The Cat In The Hat, Theatre Review. Playhouse Theatre, Liverpool.

Liverpool Sound and Vision Rating * * * *

Cast: Sam Angell, Melissa Lowe, Charley Magalit, Nana Amoo-Gottfried, Celia Francis, Robert Penny.

An acrobatic skill weaved around one of the most beloved children’s books and characters to come out of America in the last 100 years, a set of beautiful nonsense in exacting verse and perhaps the first pull of the magic that is theatre, Dr. Seuss’ The Cat In The Hat is not just meant to inspire young minds, it allows them free range to see the world as a place in which the creativity that is possible goes hand in hand with anarchy and order, that learning can be fun rather than insipid, dull and routine.

Such is the world of literature that anything it seems can be turned into a play in the modern world, but not everything can be seen as a playground, a canvas into which anarchy is painted with rhyme and intended, planned revolution, for surely that is what Dr. Seuss intended when challenged to create a set of books that would give children a greater sense of the world that the torrid, almost beige middle-class sense of superiority that the banal ladybird books of Post-war suburbia were likely to bore children with.

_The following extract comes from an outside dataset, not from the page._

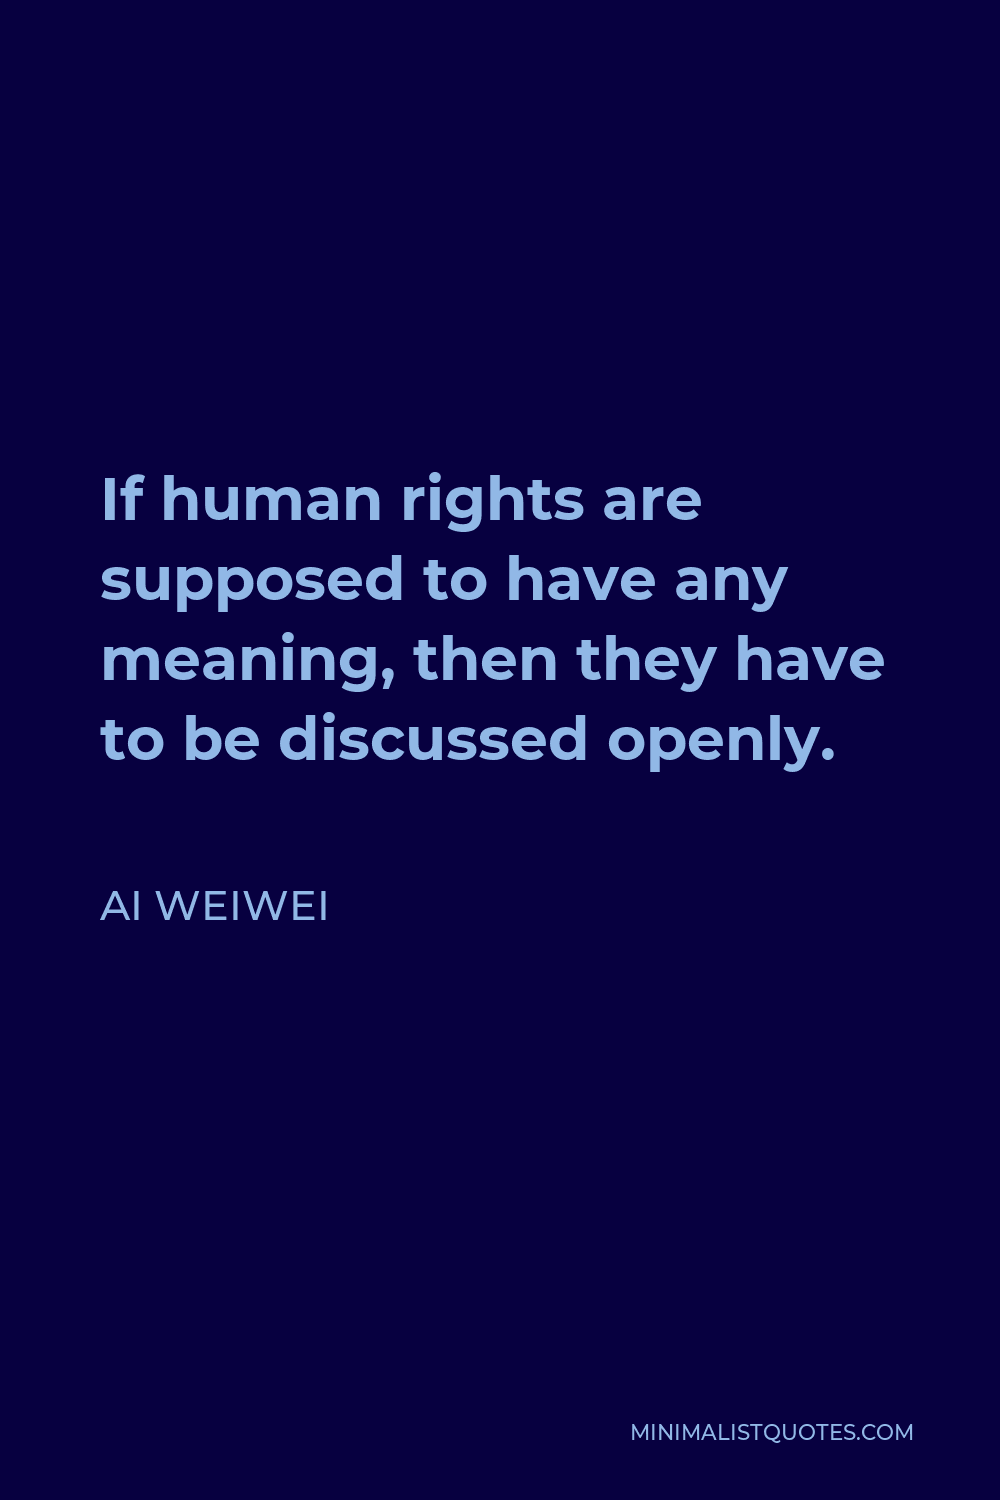 Ai Weiwei Quote - If human rights are supposed to have any meaning, then they have to be discussed openly.

In Association with the National Centre For Circus Arts, Curve & Rose Theatre Kingston have produced a spectacle of performance which certainly grabs the attention of the younger members of the audience that will come to the Playhouse Theatre, but also place a huge smile upon the face of the parents, caregivers and guardians of those children. The Cat In The Hat has that rare magic placed within it, the power to charm, to ignite a sense of belief, or even to break down the walls of adult logic, the long years of built up silent lucidity, all removed with just a single moment of un-claused rhyme and acrobatic delivery.

The sense of happiness and wonder flowed over the audience as Nana Amoo-Gottfried’s Cat in the Hat brought chaos to the lives of Boy and his big sister Sally, a boring, rainy, dull day swept along in a tidal wave of pandemonium and commotion, albeit with the very best of intentions.

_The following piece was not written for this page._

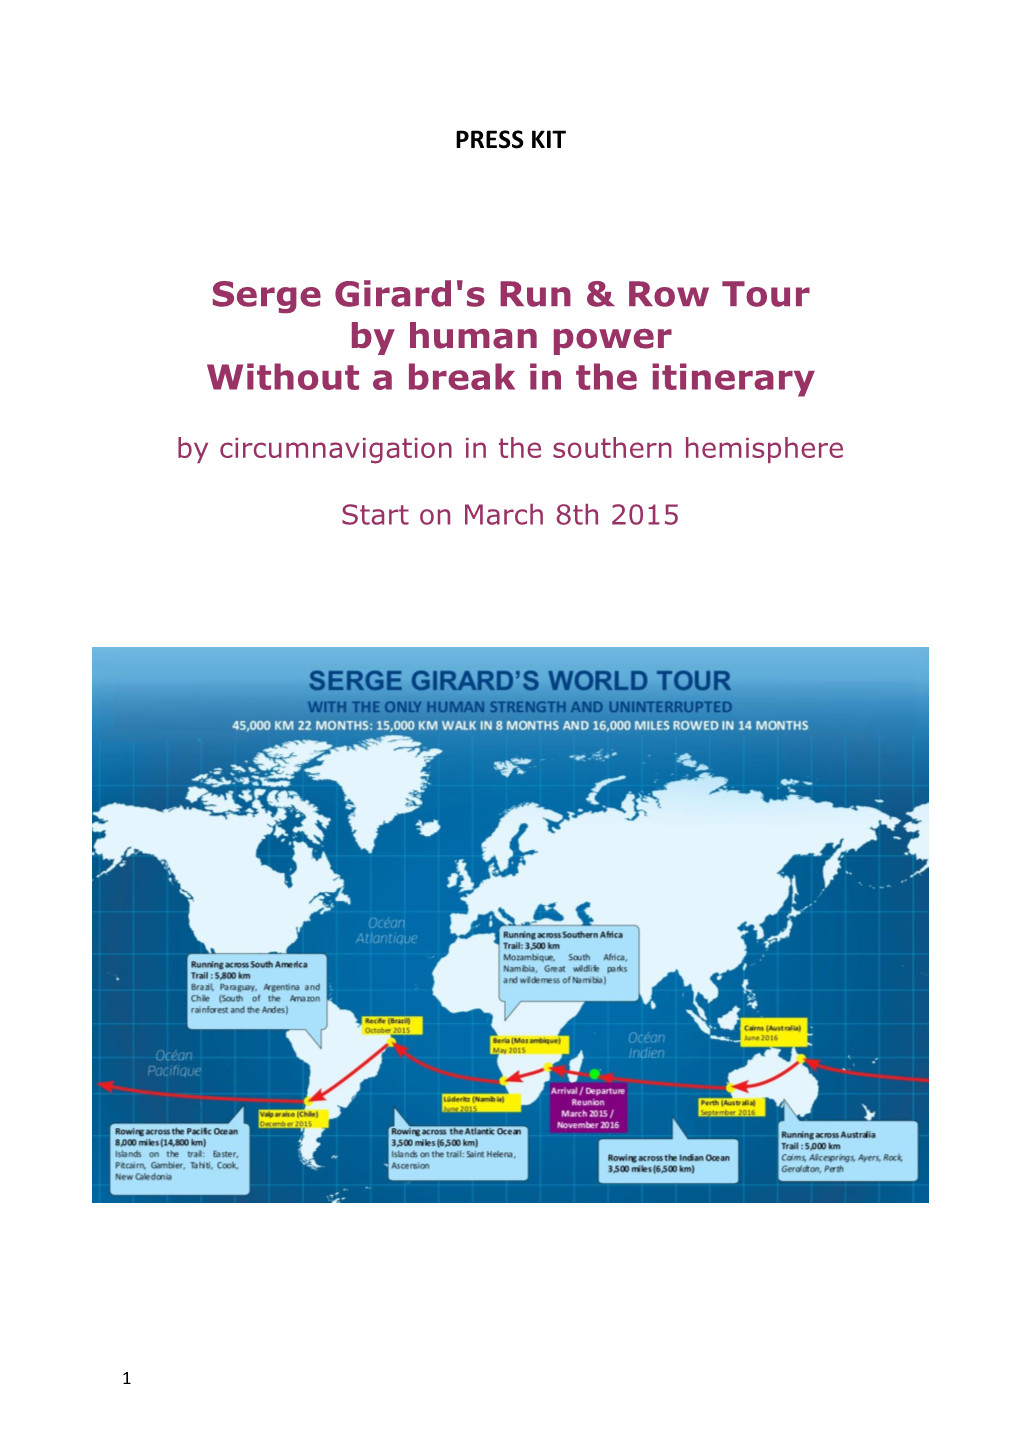 Serge Girard's Run & Row Tour by Human Power Without a Break In

The Cat In The Hat is beloved for a reason, it allows children to see beyond the dull yardstick of conformity that so many books of that particular time tried to install into their minds, to bring it to life as a play takes just as much dedication and sense of wonder, and it is one that is readily accepted and enjoyed for being true to the source material. A distinct pleasure for all.